The need to be perfect continues to strangle my life
I have always been a 'independent and perfectionist' as far as I can remember. As a kid I used to associate it as a mark of pride - of doing the things the right way all on my own. It's only when I reached high school, I got to know I use that as a shield to avoid any criticism and never reach out to others to avoid being seen as vulnerable. Thanks mom and my big bro for the constant criticism and bullying.
I think over time I have come to realize how harmful the need to do it alone and do it perfectly have hindered my life but it just feels so wrong to do things halfheartedly. I end up spending too much time planning things I want to do and end up doing none of that because I have worked up myself and get overwhelmed just thinking of how much I need to put it to achieve that.
As for asking for help, that's the same as well. I don't remember the last time I reached out to anyone for help.
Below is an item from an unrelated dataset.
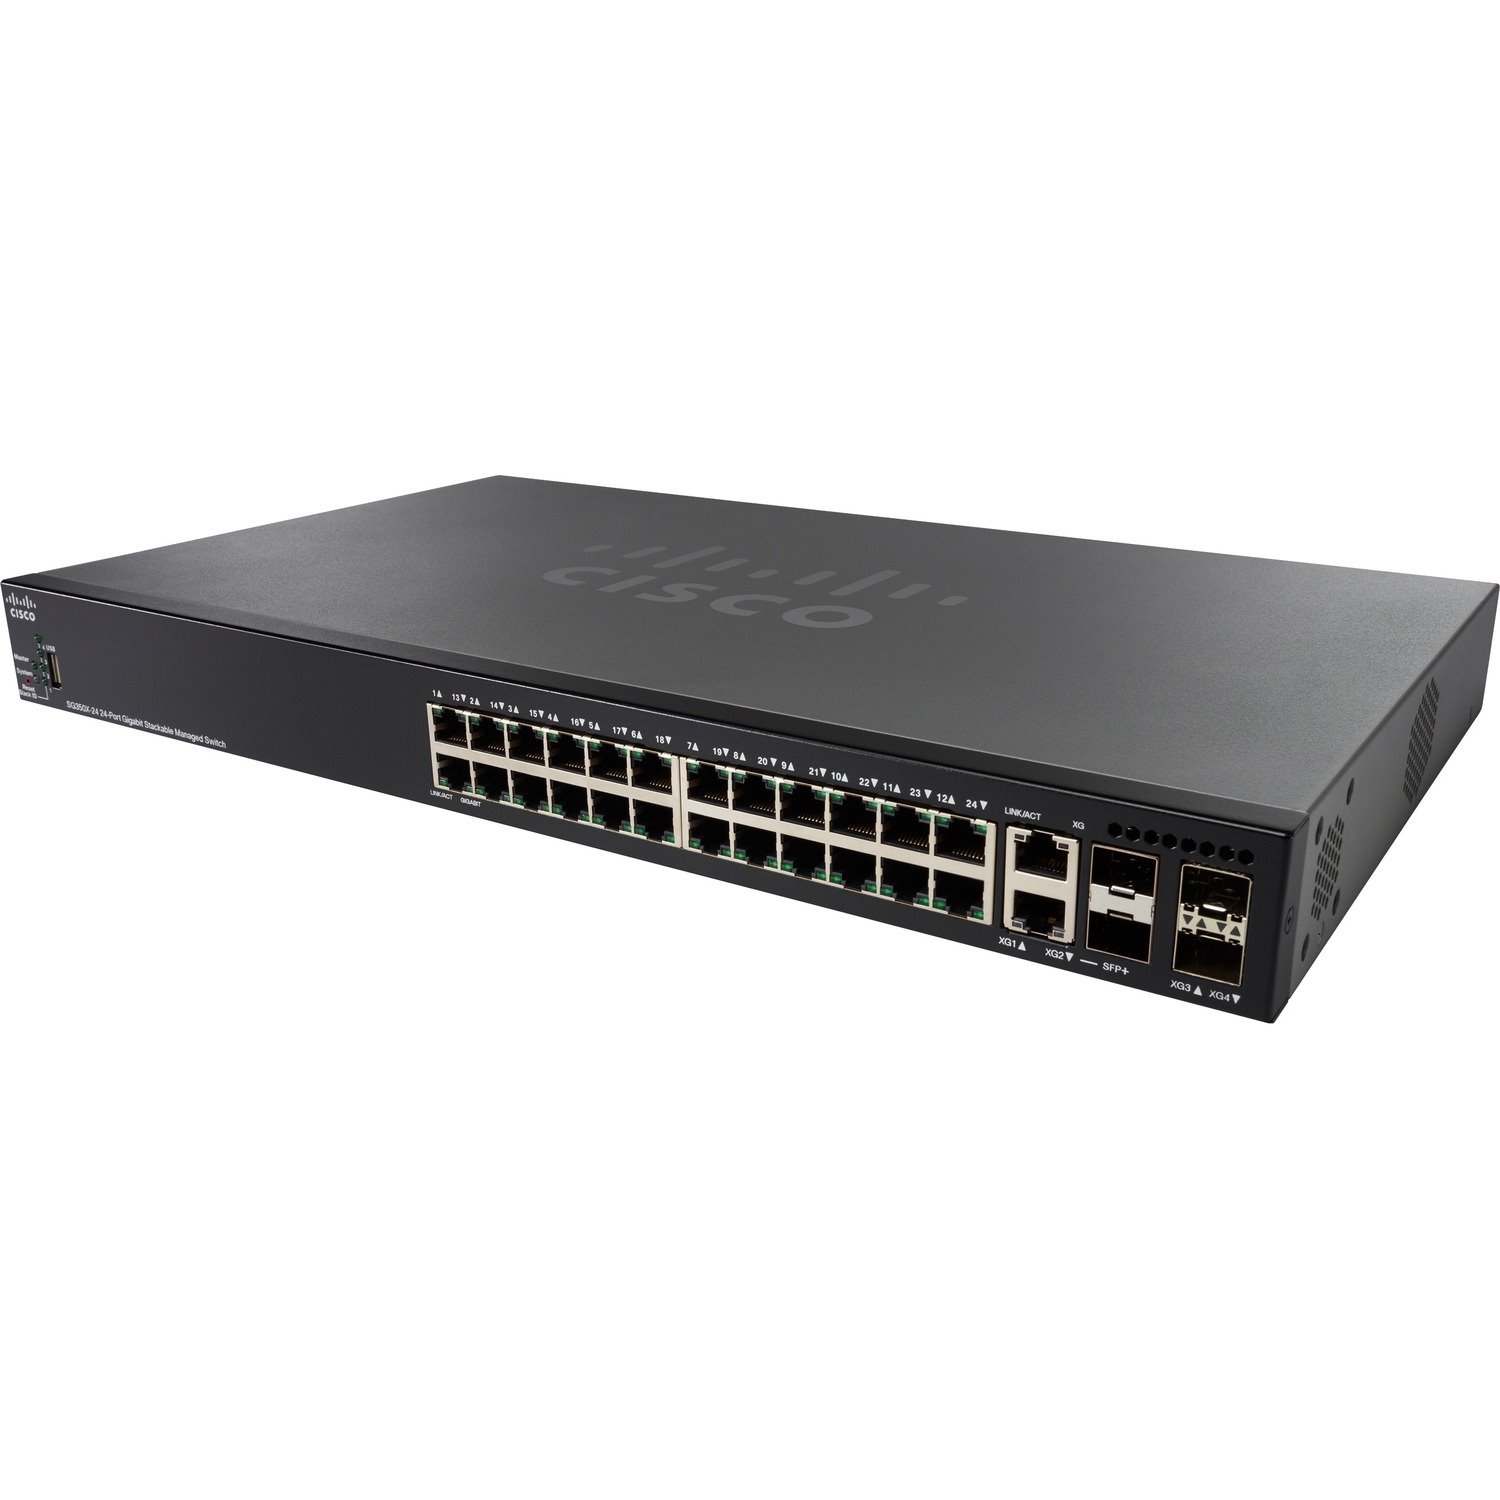 Cisco SG350X-24MP Layer 3 Switch

I just do my thing, and if anyone offers to help, I might say yes, but usually am happy to do it alone.
I am not sure if I will ever be able to outgrow these habits. I guess I need to embrace being imperfect and being needy - maybe for small things and eventually for larger things. Feels so wrong.
P.S. I just opened the blog, created a post, starting writing it and now I am gonna post it. Not reading what I wrote, not editing it. Nothing. Feels weird.
P.P.S - Once I hit published, I viewed the page and found a couple of grammatically errors, which I have since corrected. Ugh.